North Korea warns west forging ‘Asian version of NATO’

The United States, Japan and South Korea are forging a military alliance in Asia that bears strong similarities to NATO, the North Korean Foreign Ministry has warned, slamming the actions of the three countries as a threat to regional stability.

In a statement on Sunday cited by the state-run Korean Central News Agency (KCNA), Pyongyang “strongly denounced” what it called “reckless and provocative military muscle-flexing” by Washington, Tokyo and Seoul, referring specifically to the Freedom Edge military drills.

The exercise, which took place between June 27 and 29, was designed to “promote trilateral interoperability and protect freedom for peace and stability”, and featured a number of warships, including the USS Theodore Roosevelt aircraft carrier, according to the US Navy.

The North Korean Foreign Ministry claimed the real goal of the US is “world domination” and encirclement of independent states. This policy “has already crossed the red-line and is bringing about a very negative change in the world security environment”, the statement reads.

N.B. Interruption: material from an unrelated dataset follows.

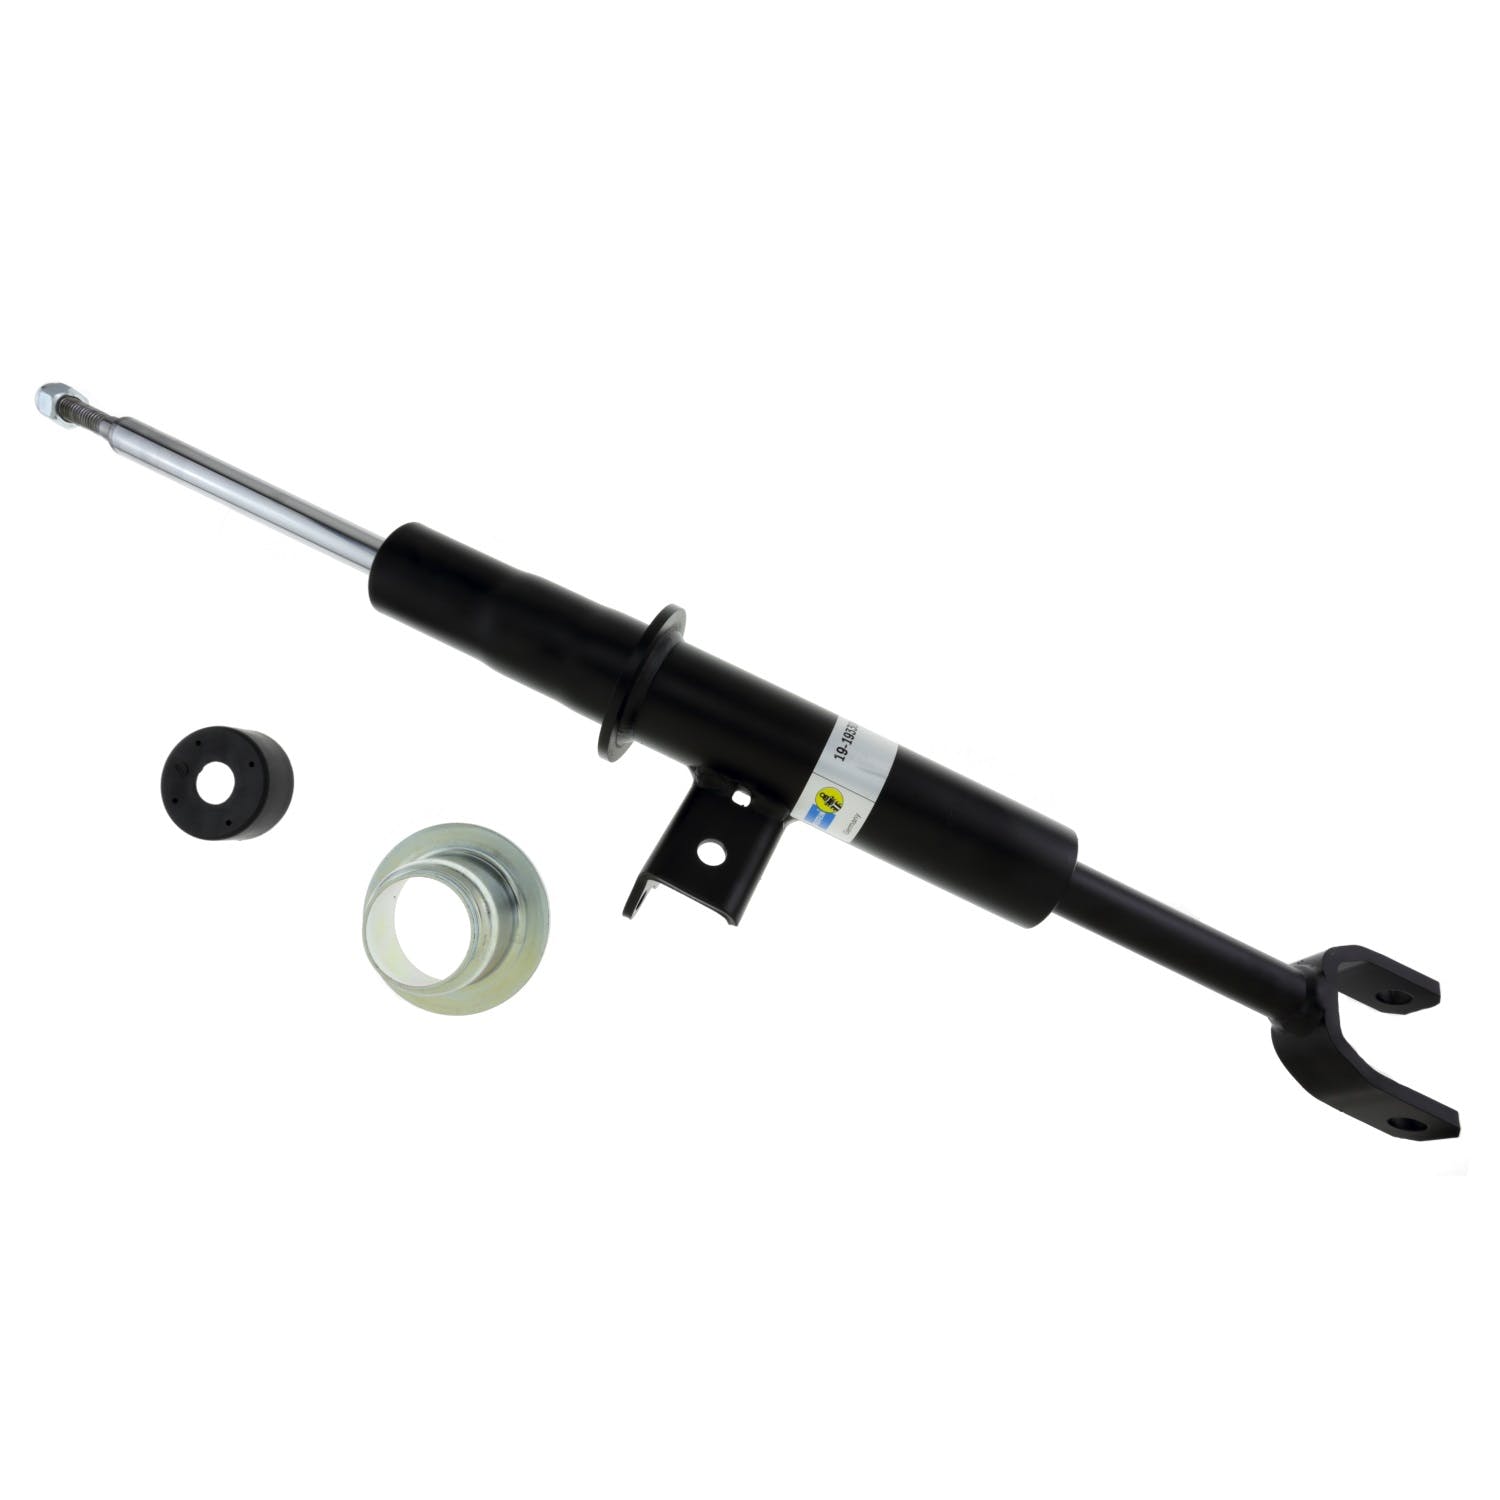 Bilstein 19-193304 B4 OE Replacement-Suspension Strut Assembly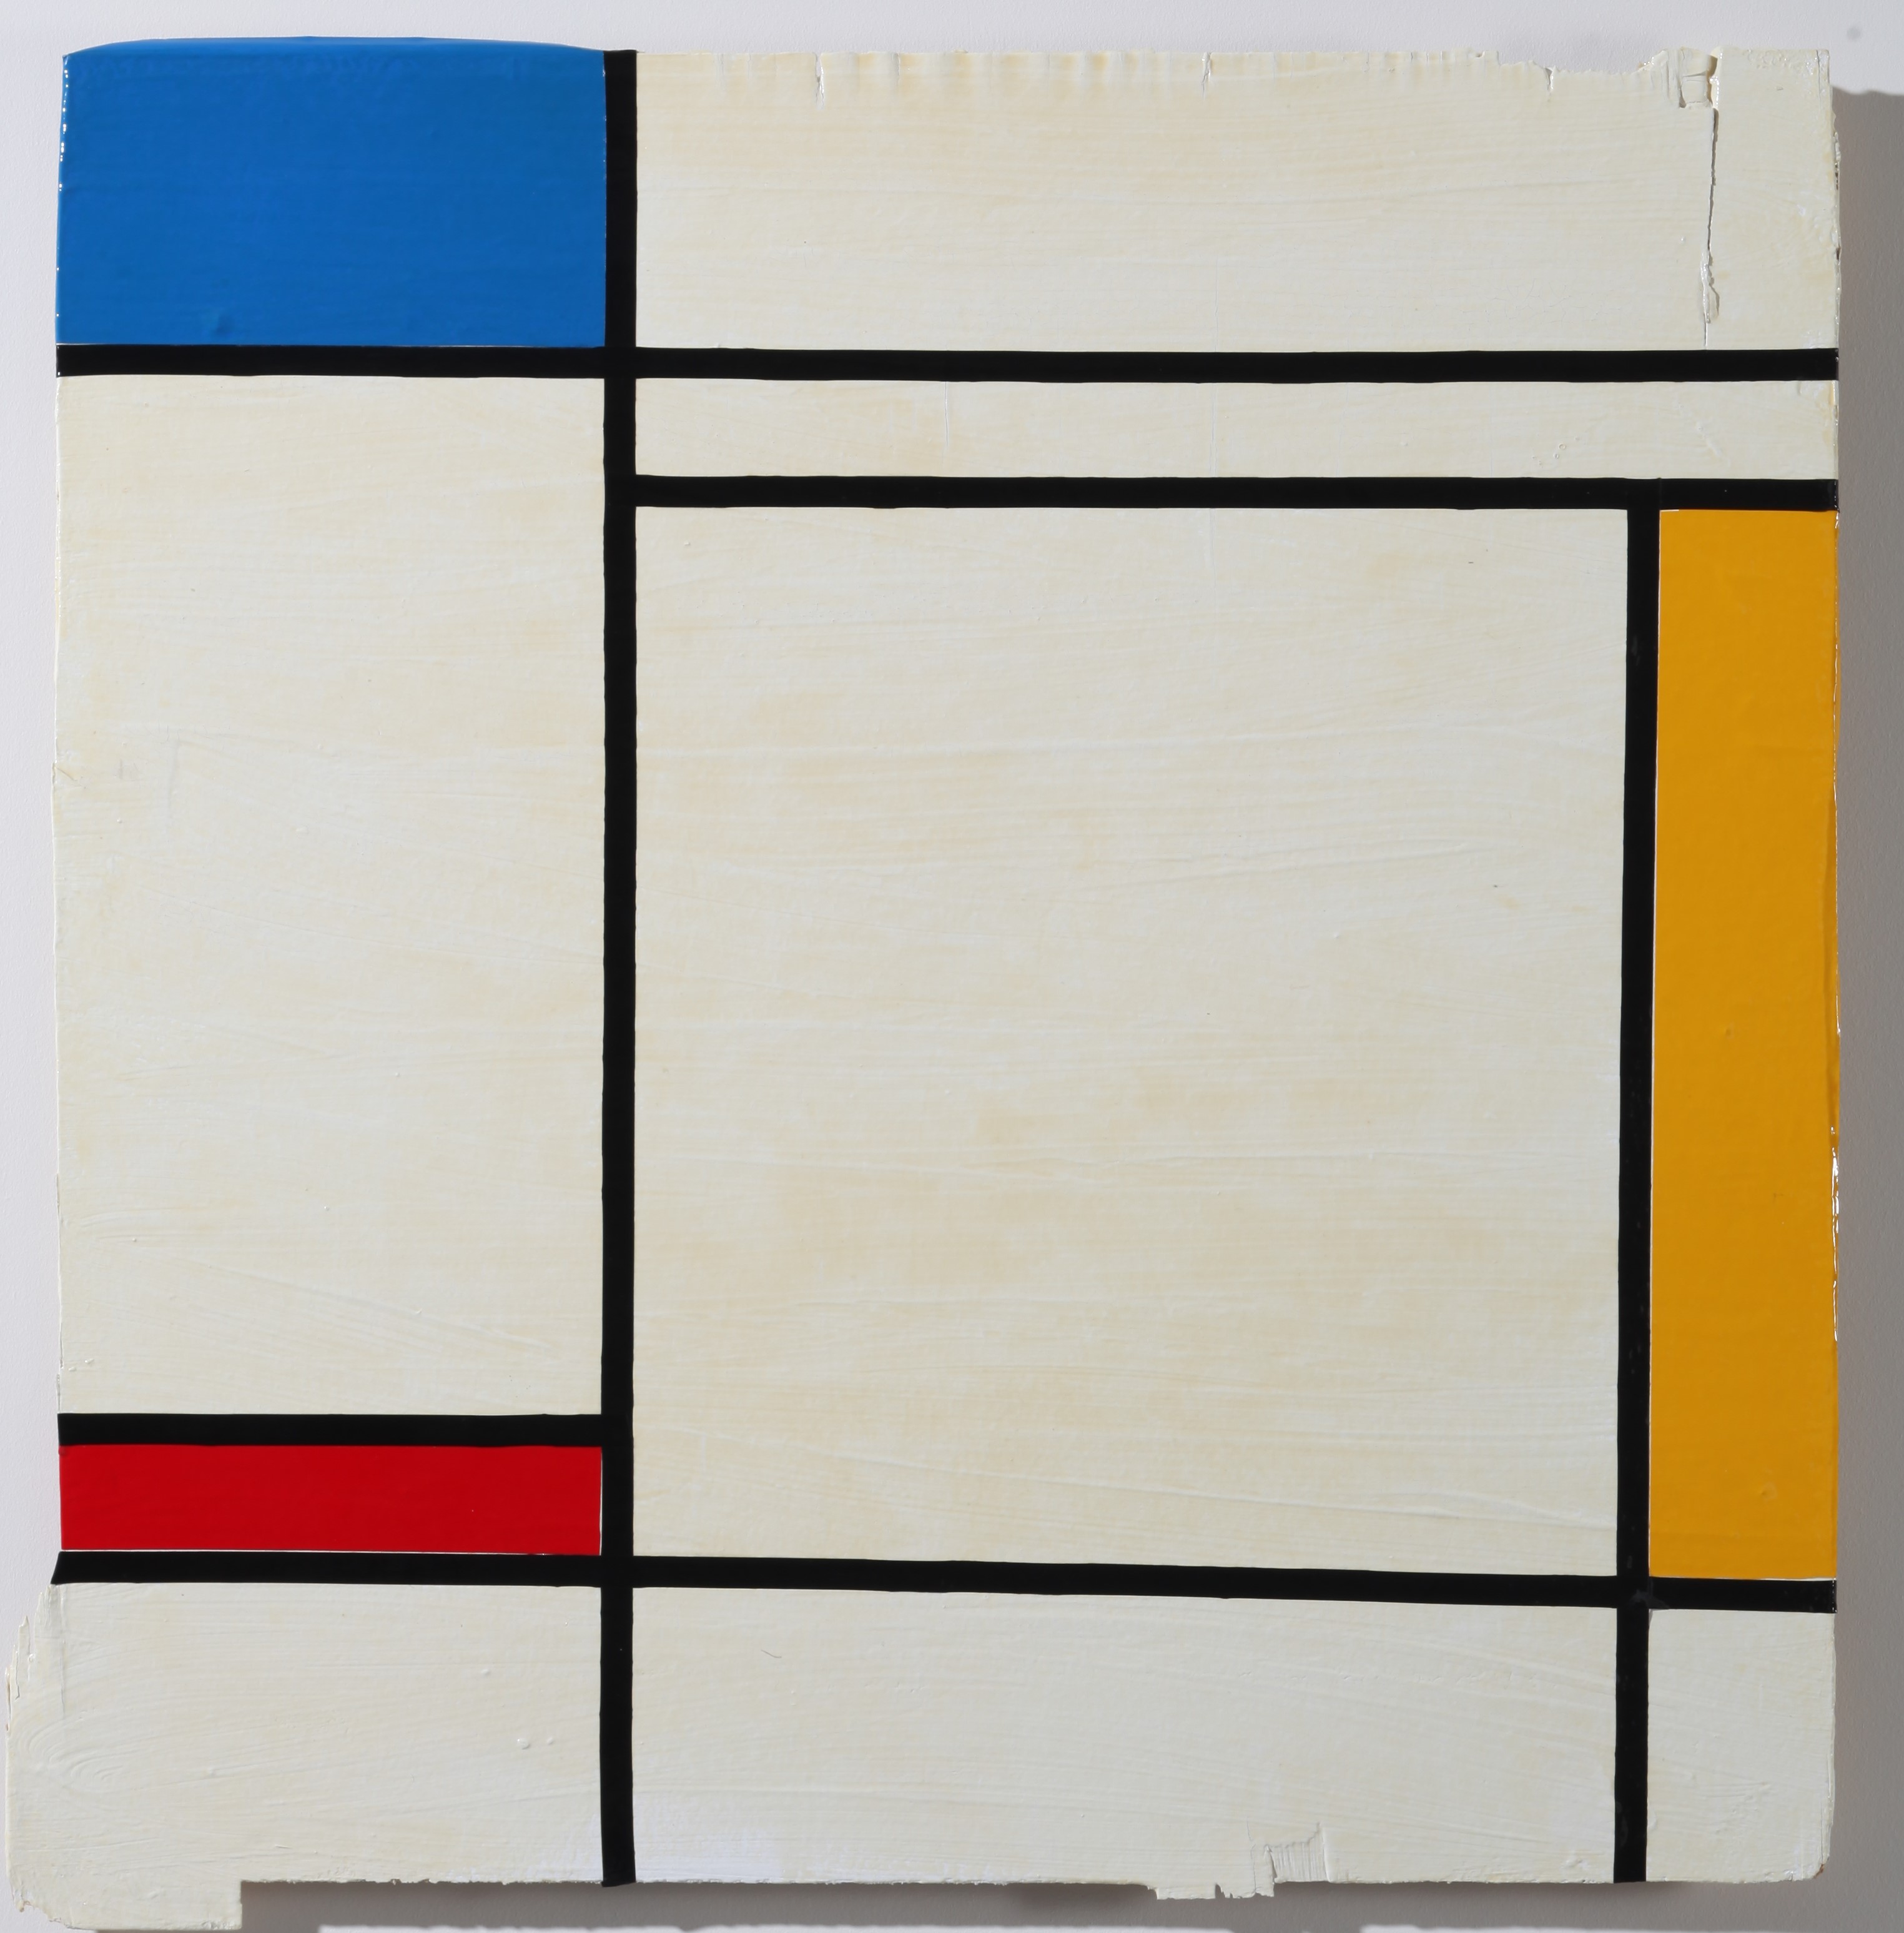 Re-Inventing Piet. Mondrian and the Consequences - Kunstmuseum Wolfsburg

According to Pyongyang, the Freedom Edge drill was an attempt to cement a military bloc comprising the US, Japan and South Korea, which has committed to “cope with any threat faced by one of the three”. This provision, North Korean officials have argued, is reminiscent of the NATO collective defense clause – which means that an attack on one member must be treated as an attack on all members.

”This means that the US-Japan-ROK [South Korea] relations have taken on the full-fledged appearance of Asian version [of] NATO,” the ministry stressed.

North Korea has long protested against US exercises near the Korean peninsula, seeing them as rehearsals for a possible invasion. Pyongyang has also conducted numerous artillery and missile tests in the area.

NATO Secretary General Jens Stoltenberg has stated the US-led military bloc has no plans to expand into Asia, but stressed that it must respond to the ever-changing security landscape in the region, as it could have serious repercussions far beyond. In 2021, the US, UK, and Australia established a security partnership called AUKUS which saw Washington and London commit to assisting Australia in acquiring nuclear-powered submarines.